I have a natural tribal affinity for PV off grid people. Longtime off grid PV installers are of a particular tribe, bonded by common experience and similar motivations. Kent Osterberg and Kay Firor of Blue Mountain Solar (www.bluemountainsolar.com) in Cove, Oregon are of such a tribe.
Following my first experience working with early off grid PV when I lived at Lama Foundation in far northern New Mexico in 1988-89, I wanted to make this then-little field of solar electricity my career. At first I thought I’d like to work with utilities as a real job, as I had little confidence that I had what it takes to go it on my own. I called PG&E, the largest utility in California and one of few doing anything with solar electricity, and was somehow routed to Kay. We met one day in the utility’s San Ramon, California offices, and she was gracious enough to offer her guidance, but there was little opportunity there. Perhaps a month later she called me up to ask me to prepare and present a primer on the basic technology of photovoltaics to an audience of utility engineers from all over the country. I did so for her, but neither of us even recalls where this occurred – perhaps in a hotel ballroom in Sacramento.

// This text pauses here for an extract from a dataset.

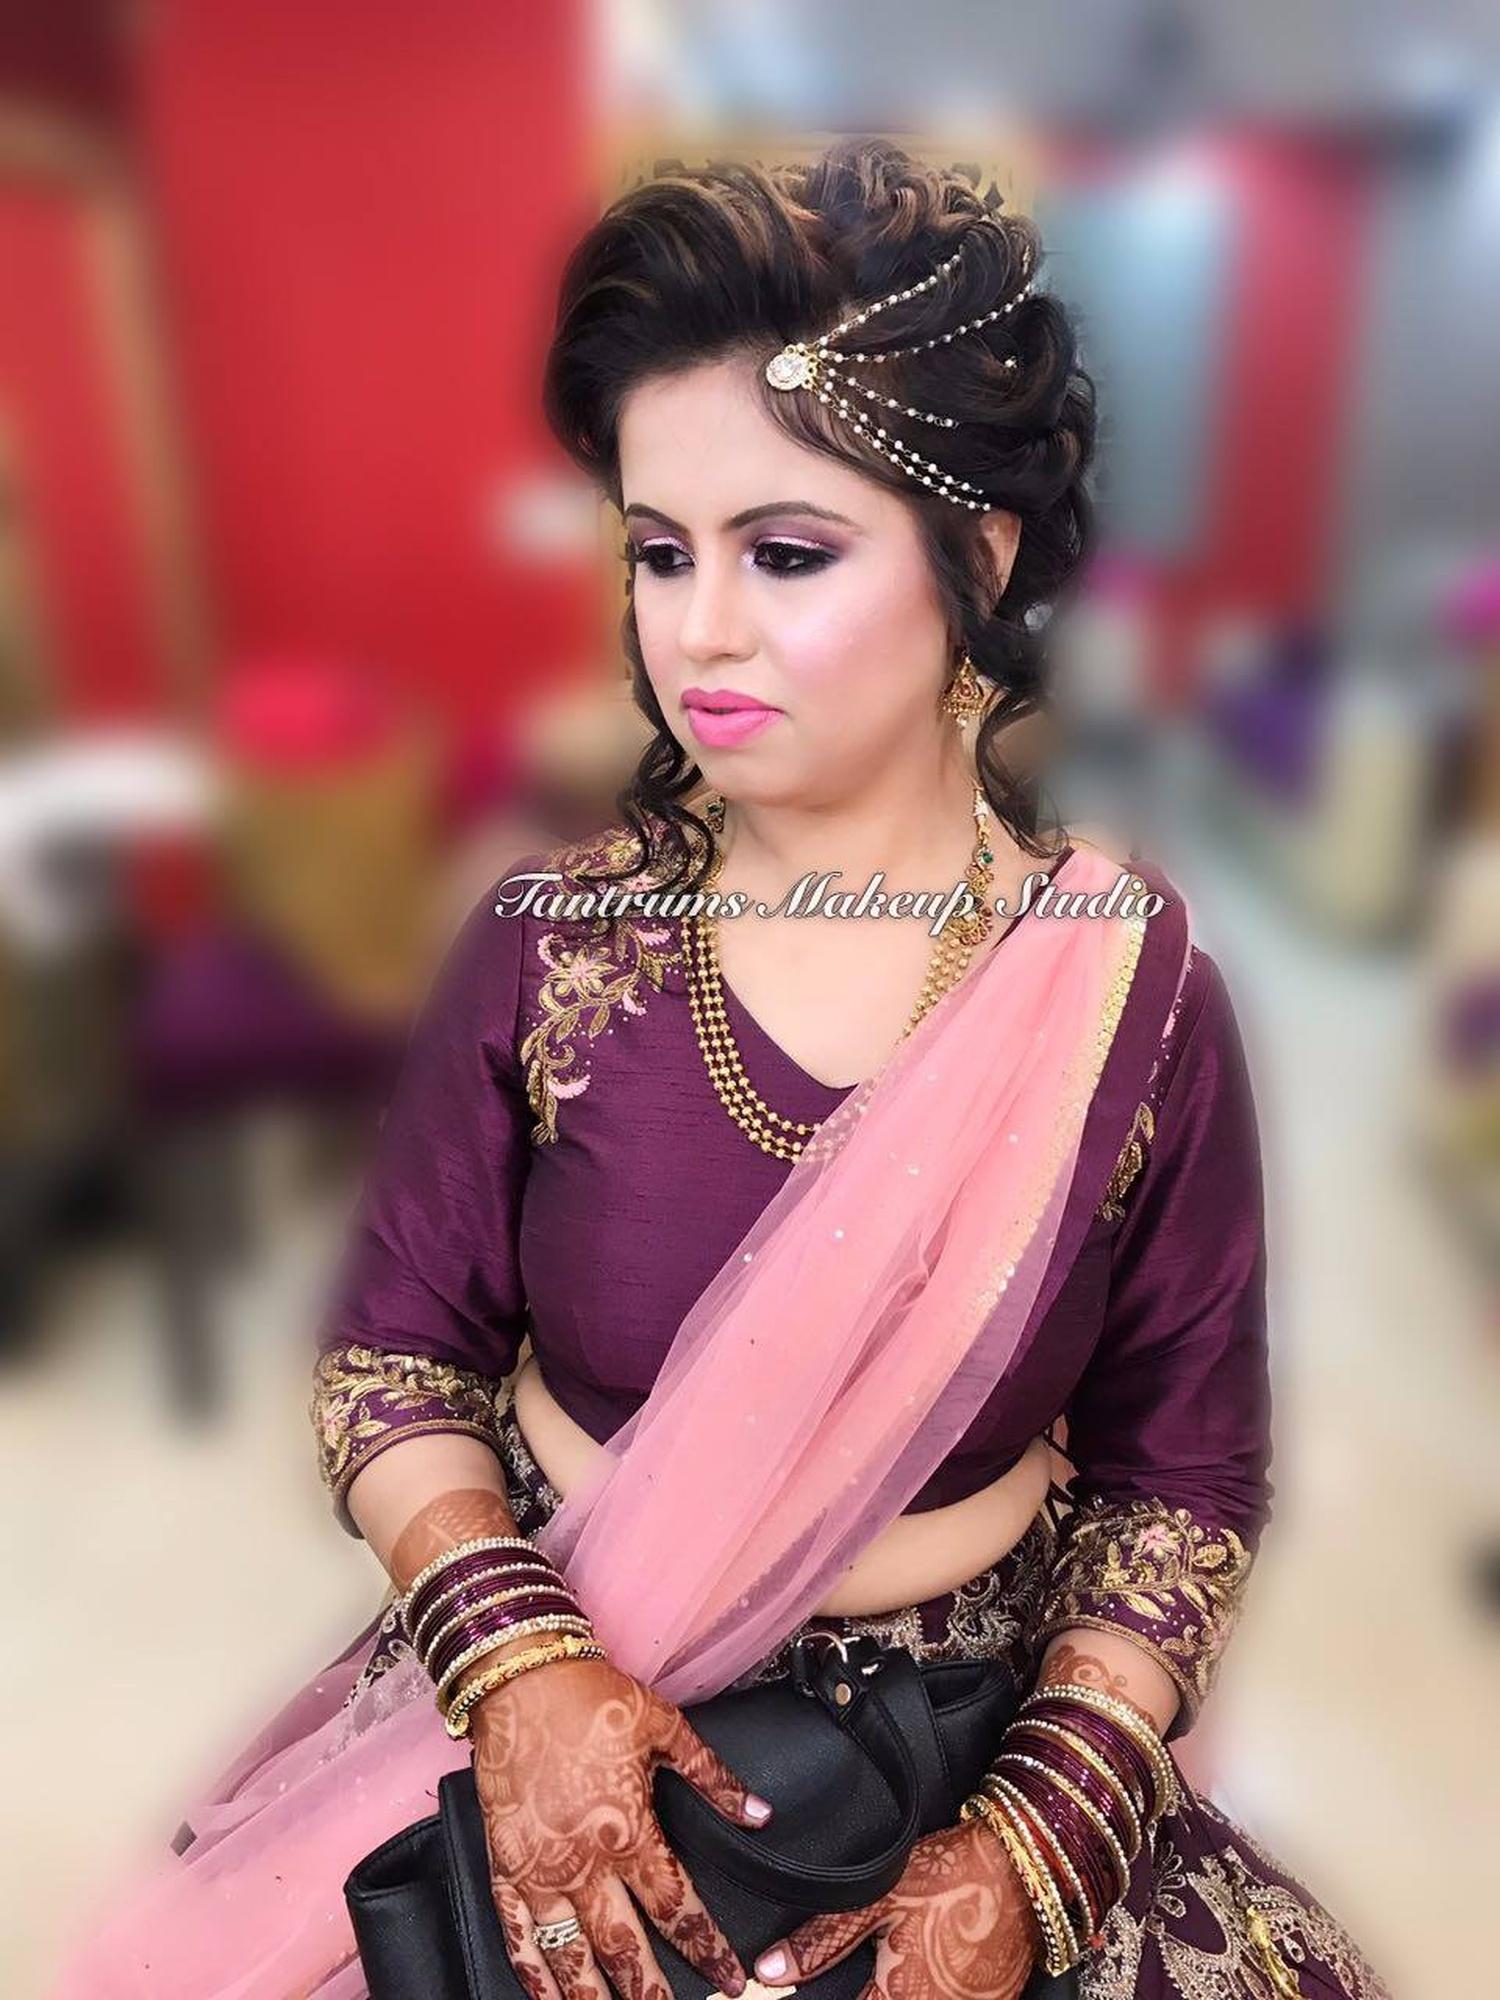 Tantrums Makeup Studio, Bridal Makeup Artist in Patel Nagar, Delhi ...

In doing so, she became my first-ever employer in my newly-chosen field. Kay was a genuine pioneer in the PV field. Just to put this in perspective: I took my first week-long PV training class in 1988, at Colorado Mountain College in Glenwood Springs. My teachers were Johnny Weiss, Ken Olsen and Steve McCarney, who went on to found Solar Technology International, which eventually became SEI, or Solar Energy International, now the best-known solar training resource in the country. Back then Kay had worked for several years at SERI, the Solar Energy Research Institute, which later became NREL, the National Renewable Energy Laboratory in Golden, Colorado. She recalled that two of my teachers at Colorado Mountain College went to a class she taught at SERI to learn the basics of the technology.
Kay and Kent met while at PG&E, as both were electrical engineers. Wanting a family but not one raised in suburbia, they settled over twenty years ago in the tiny town of Cove, Oregon, beneath the Blue Mountains, in a beautiful log home with horses, chickens, raspberries and blueberries. They also ran (and continue to run) a small solar installation business out of their home – one not large enough to support them by itself, but one that allows them to do work they both enjoy while Kent consults as an engineer and Kay teaches math at the local college.
They installed a batteryless grid-tied system at their home in 1991, a full ten years before Positive Energy installed its first system of that type, using a Pacific inverter which failed four times, followed by an Omnion which lasted for years, and finally a Sunny Boy when the industry finally caught up with them. They started with ten 180 watt Mobil Solar modules procured through Kay’s Lab contacts, replacing them a few years ago with Sharp modules with greater output.
I called Kay out of the blue and was welcomed to their home, spending two nights and a day enjoying their welcome hospitality. We swapped life-experience stories and talked shop about off grid clients and equipment.
I was invited to stay a second night at their home, and we had a lovely dinner in the larger town of LaGrande. I left Friday morning refreshed and invigorated.
To follow up on the preceding post, plan B looks as though it will work. I put nearly all of the gear in the Bob trailer and the bike handled well enough, riding both from Baker City to Cove and then on. It appears that I’ll be able to continue my bicycle tour, using the trailer to carry gear and limiting myself to road touring. I rode about twenty miles from their home to LaGrande. From there I hitchhiked to the Portland area, making my destination by nightfall. The hitching again went smoothly: first a state highway worker took me through a twenty-mile construction zone, then a young driver in a fully-loaded semi carried me to his destination in Pendleton asking all the way for guidance on how to travel on a bicycle. He’d like to take a leave of absence from his work as a long-haul operator to tour from Seattle to Morro Bay. My final ride took me all the way to the Portland area, with a gentle man who had retired from work at the state prison and was now heading to a memorial service on the coast. We stopped at a Columbia Gorge winery to taste their wines.